Bernd
07/18/2017 (Tue) 17:20:27
No.
9003
del
[Paddy] ''Griffith notes:
Even in the noted "slaughter pens" at Bloody Lane, Marye's Heights, Kennesaw, Spotsylvania and Cold Harbor an attacking unit could not only come very close to the defending line, but it could also stay there for hours — and indeed for days — at a time. Civil War musketry did not therefore possess the power to kill large numbers of men, even in very dense formations, at long range. At short range it could and did kill large numbers, but not very quickly.''
Also Grossman adds:
''Griffith estimates that the average musket fire from a Napoleonic
or Civil War regiment firing at an exposed enemy regiment at
an average range of thirty yards, would usually result in hitting
only one or two men per minute!''
Our previous count fits to his observation more or less. A regiment is about 1000 men, five times more then our 200 which killed 0,16 in a minute. Multiply this and we get 0,8 men per minute. However our closest distance was 70-75 m, Griffith calculated with about 30 (which I think would be the closest range, the next step would be a "Fit bayonets!" order and a charge). Let's say on that range our 200 would kill double amount: 0,32. Then 1000 would kill (or wound actually) 1,6 which a rough equivalent of 1-2 men per minute.

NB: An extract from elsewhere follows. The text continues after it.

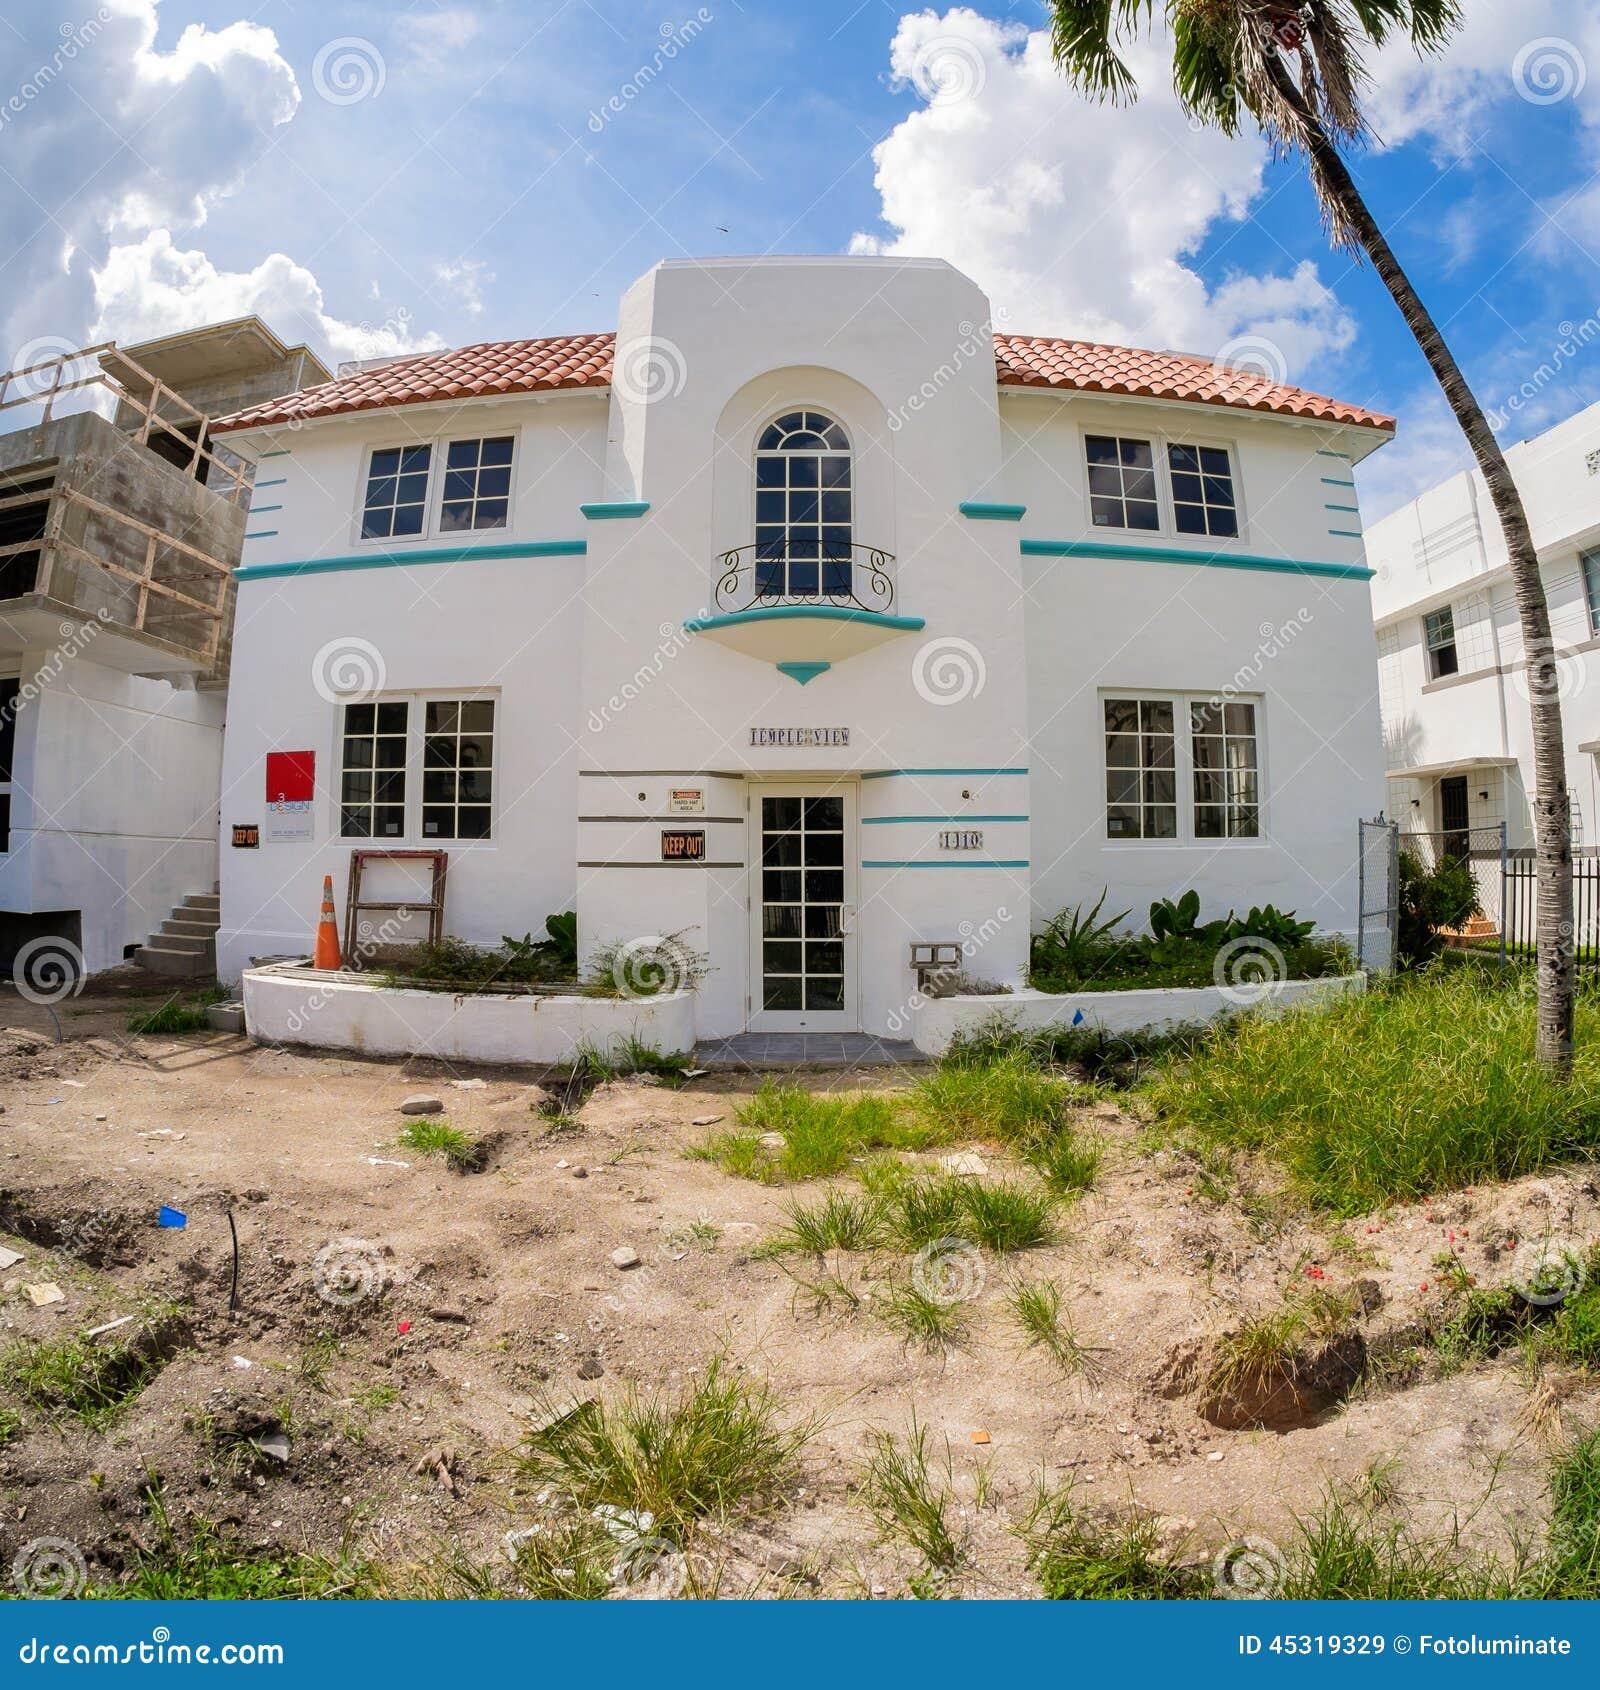 miami beach editorial stock image image of miami apartment 45319329. Black Bedroom Furniture Sets. Home Design Ideas

Bad visibility but on even closer range:
Sometimes the fire was completely harmless, as Benjamin McIntyre observed in his firsthand account of a totally bloodless nighttime firefight at Vicksburg in 1863. "It seems strange . . . ," wrote McIntyre, "that a company of men can fire volley after volley at a like number of men at not over a distance of fifteen steps and not cause a single casualty. Yet such was the facts in this instance." The musketry of the black-powder era was not always so ineffective, but over and over again the average comes out to only one or two men hit per minute with musketry.